I have a video I made of crock-pot chicken broth online (before I ditched my crock-pot for my vita-clay) and I omitted using the apple cider vinegar in my recipe. A commenter called me out and mentioned that I left out the most important part! The Apple cider vinegar! Oops! That comment was a great lesson for me, as I prize gelatin in my broth so dearly, I forget to even appreciate the minerals that broth contains. The cider vinegar is added to broth to help extract the minerals from the bones into the broth. I rarely miss this step now and have used coconut vinegar in the past as well but my kitchen is always stocked with apple cider vinegar as it is wonderful for so many things.

 

When buying apple cider vinegar, buy unpasteurized (raw vinegar).  Vinegar that is sold with the “mother”  is alive and will continue to ferment. Towards that end be prepared to see some long strands or increasing amount of sediment chilling in your vinegar. Apple cider vinegar is a traditional farm house food that is important to our agriculturally minded ancestors, transforming quick to spoil apple cider into vinegar that can be useful for months to come in many ways.
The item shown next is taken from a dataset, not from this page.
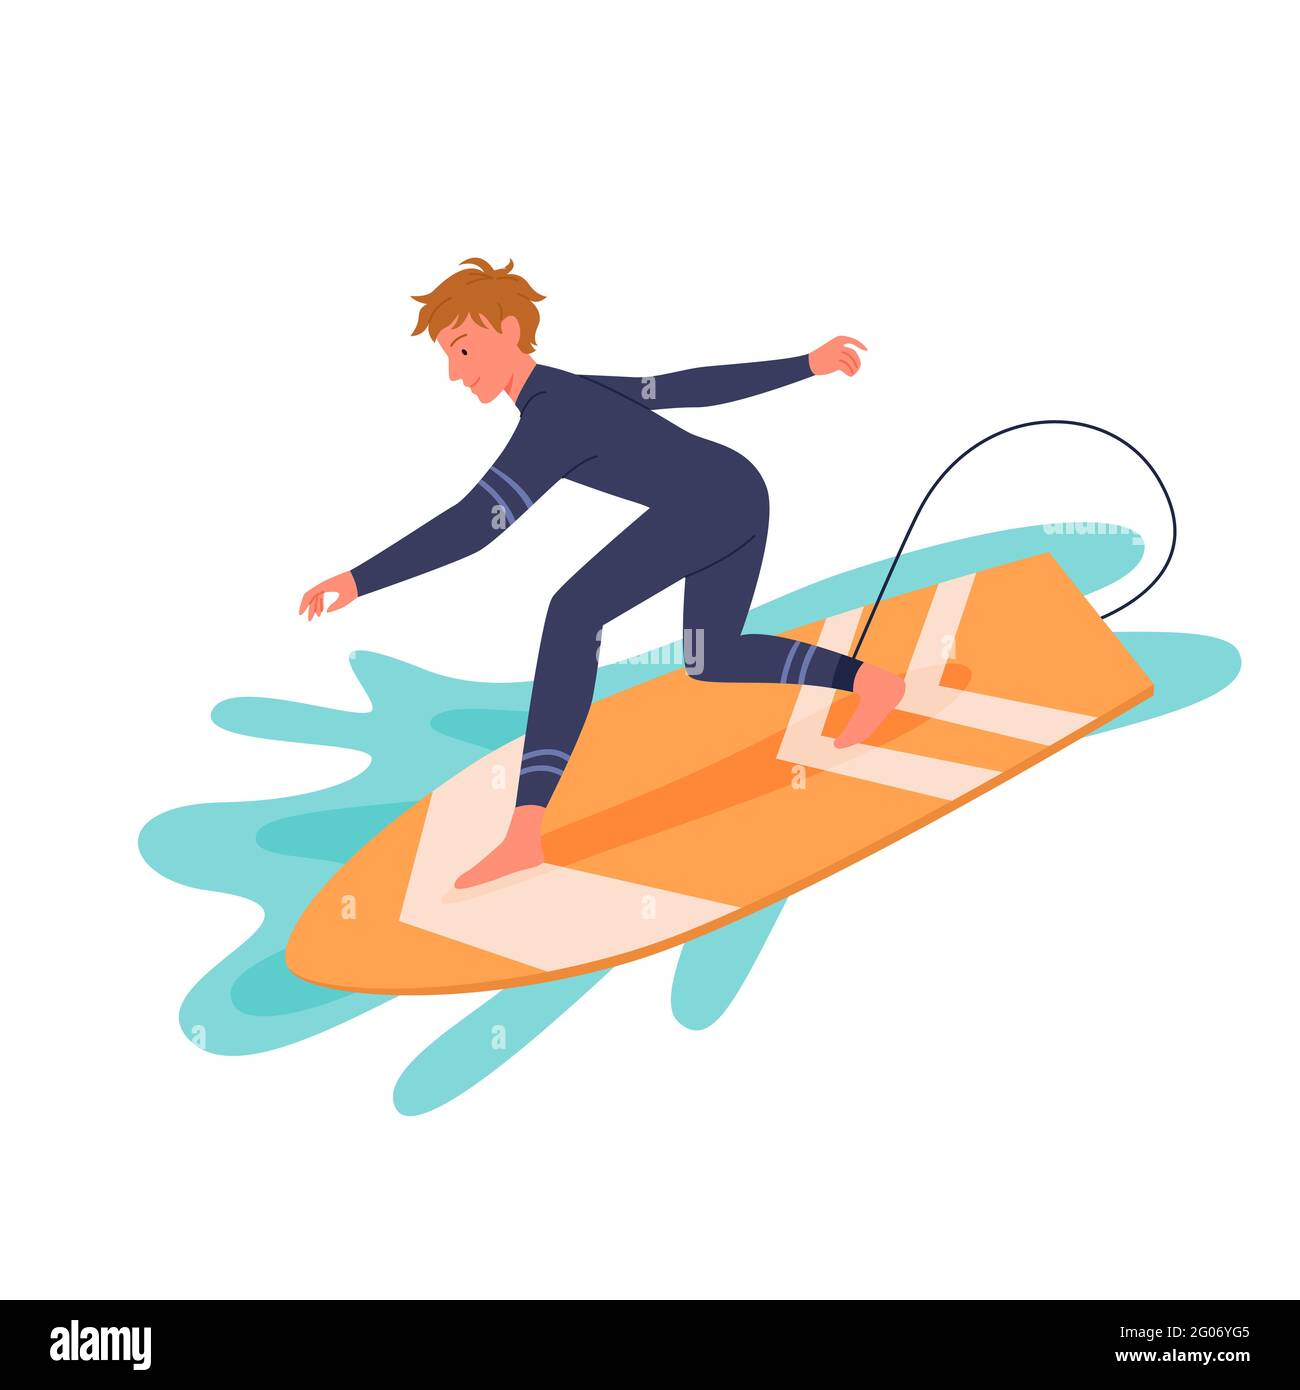 Surfmann im Neoprenanzug am Surfbrett, aktiver, fröhlicher junger Surfer, der die Meereswelle fängt Stock Vektor
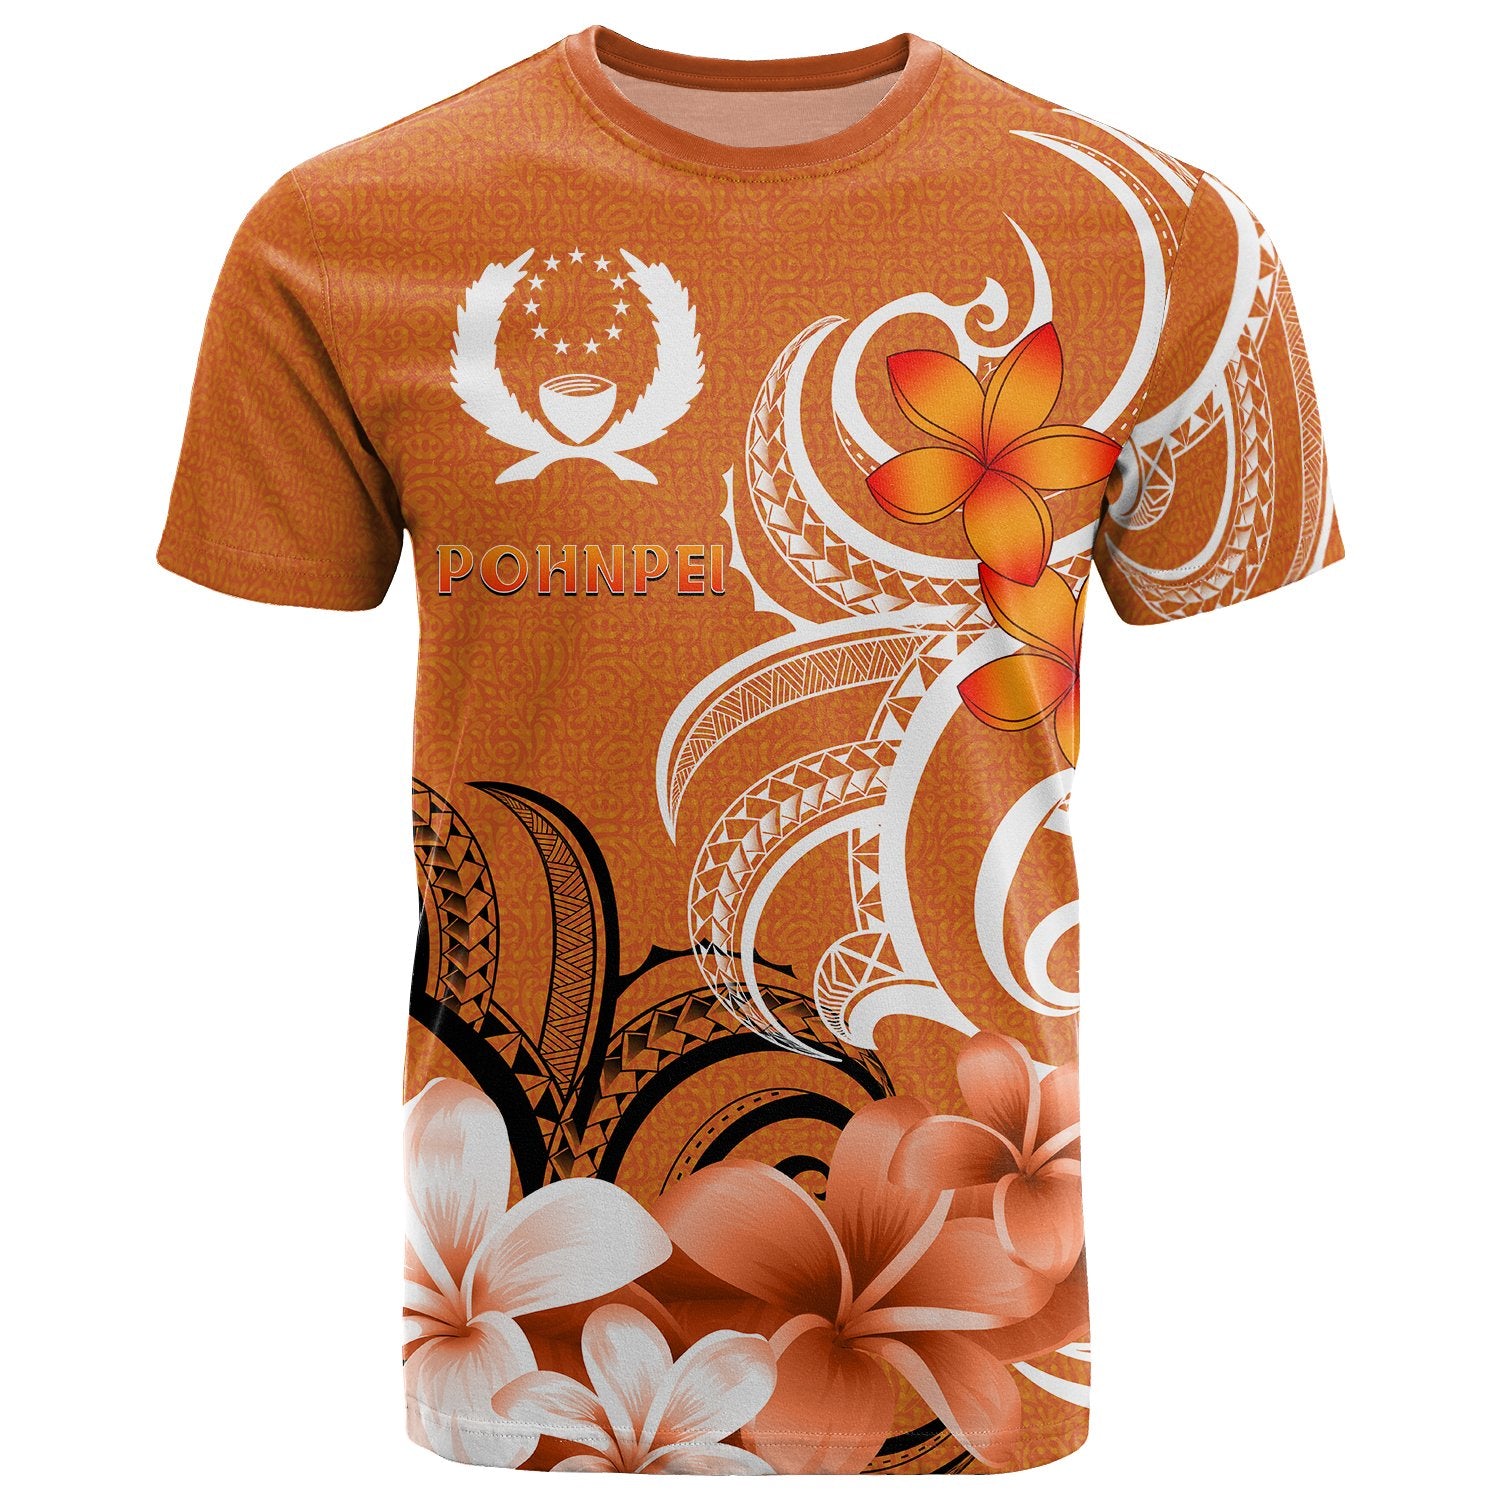 Pohpei T Shirts Pohnpei Spirit Unisex Orange - Polynesian Pride

Not everyone loves the taste of apple cider vinegar as I do, however even for those who are not in love, even a good splash added to your pot of broth will not be detectable as far as flavor is concerned.

 

6 Amazing ways of using of Apple Cider Vinegar

1. Drink a tablespoon of cider vinegar in water for a hydrating, detoxifying, blood sugar balancing, refreshing, drink.

2. I also use apple cider vinegar as a rinse for my hair, post shampoo- and it is the only thing thats ever help with my dry itchy scalp.

3. Save a pump top spray bottle and fill with apple cider vinegar to use as a toner post sun exposure to reduce the chance of peeling skin.

4. Make healthy killer salad dressing with apple cider vinegar.

5. Use apple cider vinegar as the base for amazing marinades.

6. Two cups of apple cider vinegar added to a bath is very detoxifying.

© Copyright 2015 Revivalist Kitchen. All rights reserved.

Got any questions? Leave a comment below!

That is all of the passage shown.